State House has confirmed Kenyans’ worst fears of the resurgence of the National Youth Service (NYS) plunder.
In a suprise move, President Uhuru Kenyatta announced the suspension of Youth Principal Secretary Lilian Mbogo-Omollo and NYS Director General Richard Ndubai in connection with Sh9 billion suspicious payments.
In what amounted to calling for more heads to roll, the President asked those who may have been part of the scandal to follow suit.
“The President also expects any public official directly implicated in the investigations to uphold the code of integrity and ethics to which they are committed and to act accordingly,” said the statement from State House.
The move marked the beginning of the fall of the man and woman entrusted with the responsibility of cleaning the mess at NYS left by the previous administration.
“This afternoon, the President accepted the offer by the two officers to step aside for a period of three months to allow investigating agencies to complete their work,” read the statement.
Earlier in the day while meeting the private sector, President Kenyatta had promised tough action against corruption.

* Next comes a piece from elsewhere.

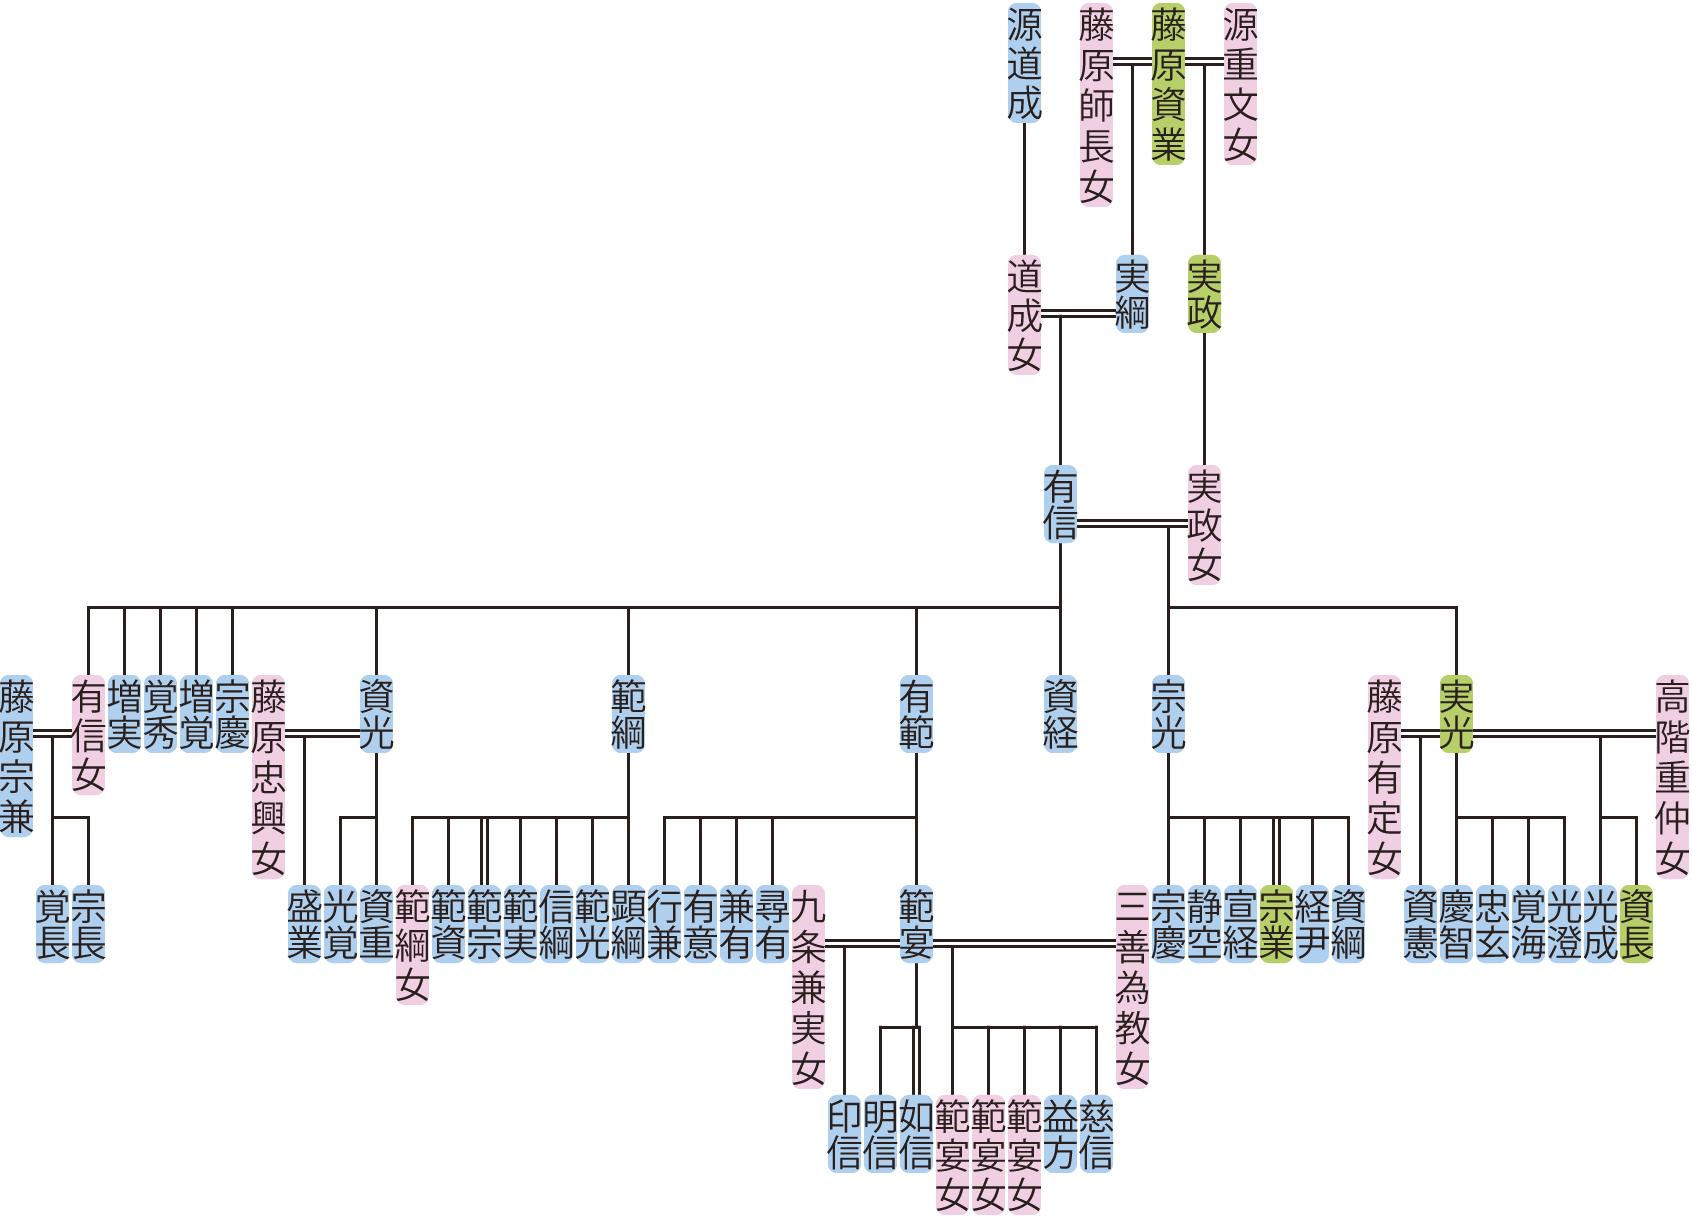 藤原有信の系図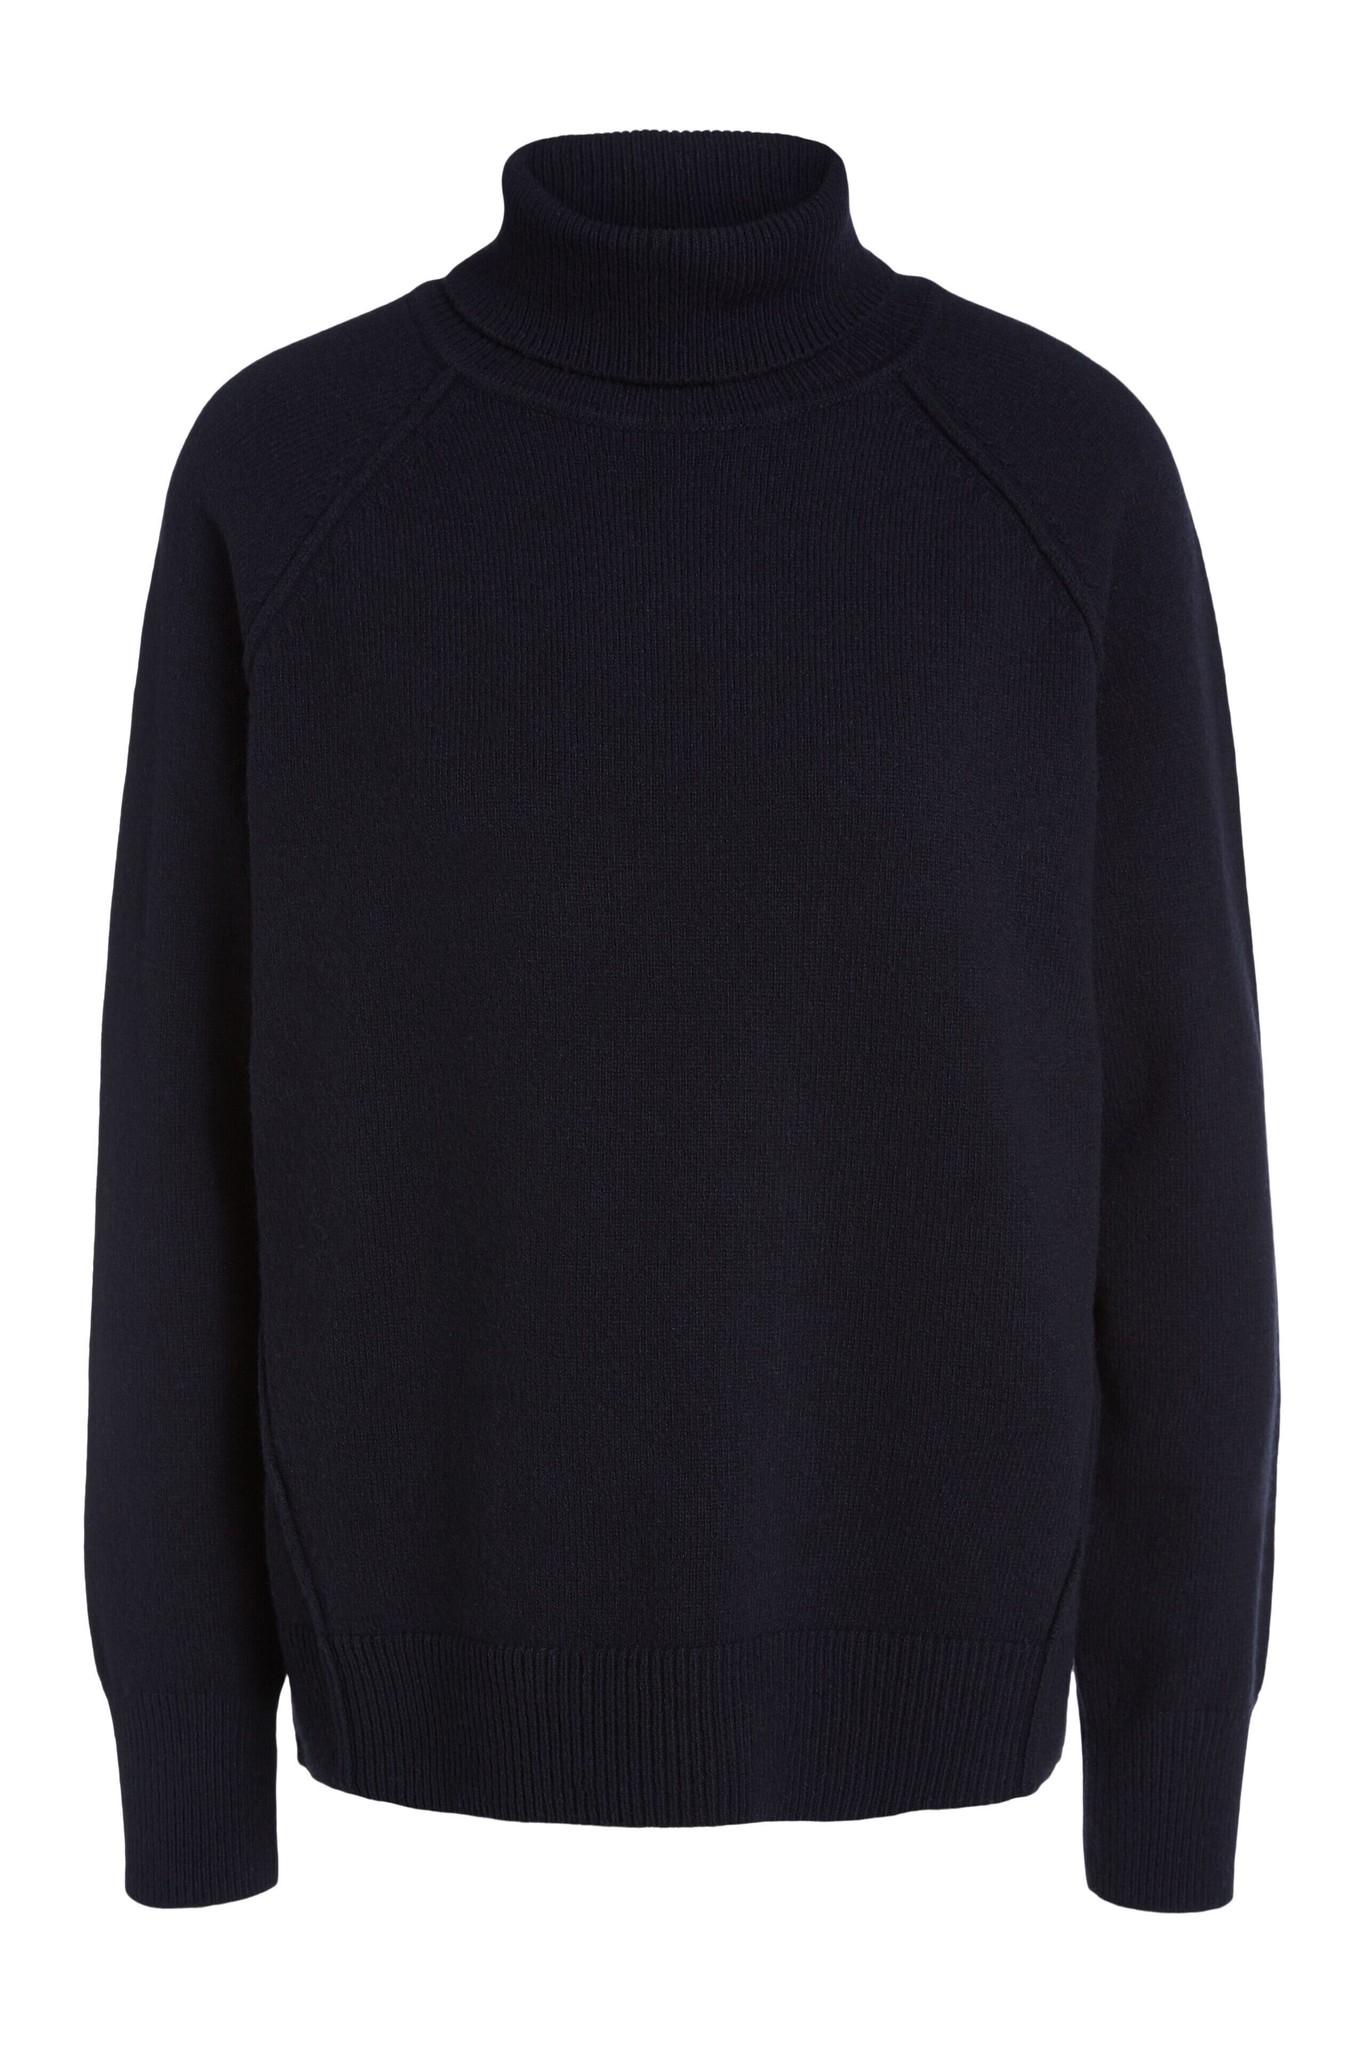 SET pullover 74281 9990-1

“We are going to deal ruthlessly with corruption both real and perceived,” he said.
Ms Omollo was scheduled to appear before the Public Accounts Committee of the National Assembly on Monday before the cookie crumbled Friday.
She had reportedly taken a two-day leave in the week amid soaring pressure as the scandal unveiled, much to the shock of Kenyans since a similar previous scandal is yet to be unraveled.

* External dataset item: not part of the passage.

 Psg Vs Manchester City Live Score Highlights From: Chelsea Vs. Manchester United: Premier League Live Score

“She wasn’t aware. She has not done or seen any such letter,” a source close to her said.
As PS, Ms Omollo, a former executive of the New Partnership for Africa’s Development, was the overall accounting officer and the final approving authority before payments are made.
Mr Ndubai is the final authority in approving procurement and payments from the NYS, before the PS signs off.
His phone was switched off in the wake of the State House announcement.
More officials could be targeted in the bloodbath, according to the presidential statement which warns of dire consequences for anyone implicated in the ongoing probe.
“The President has every confidence in the work of the investigative agencies, and in the event any wrongdoing is established, he has directed that swift prosecution should follow.”
Their decision to quit comes days after investigations into the NYS procurement scandal put a blot on President Uhuru Kenyatta’s push to tackle high-level corruption.
NYS is close to the President’s heart because his legacy is intertwined with the youth empowerment agency, which has recently been billed as cure to the chaotic public transport sector.
Investigators have flagged payments worth Sh900 million for the last two financial years, Public Service Cabinet Secretary Margaret Kobia told a committee of the National Assembly on Thursday.
She added that the investigators were yet to give their report, but the sudden decision for the two to step aside would fan speculation over the scandal.
It would be the second time the NYS has shot to the limelight over runaway theft, after the previous one cost the the Devolution Cabinet Secretary Anne Waiguru (now Kirinyaga governor) and former Devolution Principal Secretary Peter Mangiti among a host of other top officials. It is not clear yet how much was actually stolen with claims that the theft, executed with the help of banks, could be more than Sh1.2 billion in fictitious supplies.
A hair dresser identified as Josephine Kabura was later unmasked as the architect, even though investigations have indicated that she was only a front for powerful government individuals.
Just like in the present case, the scandal cost the job of the NYS Director General Nelson Githinji.
Omollo has struggled to deflect the accusations, admitting in the past week that only payments worth Sh121 million and not Sh9 billion had been flagged by investigators.
Further, she defended the payments when probed citing that the contractors were pre-qualified by the Supplies Department of the Transport ministry.
But no explanation has been provided on why a few companies had been contracted and awarded multiple tenders, including eight that are owned by members of a single family – owing to their surnames.
Documents relied on in the probe indicate that the payments were against suspect deliveries dating back to 2012 and had been carried over the years as pending bills.
NYS’s suppliers are demanding Sh6.3 billion which remains unpaid over incomplete documentation to support their vouchers, amid claims that payments for fictitious deliveries were being fast-tracked.
Auditor General Edward Ouko has pointed out misgivings in the NYS procurement.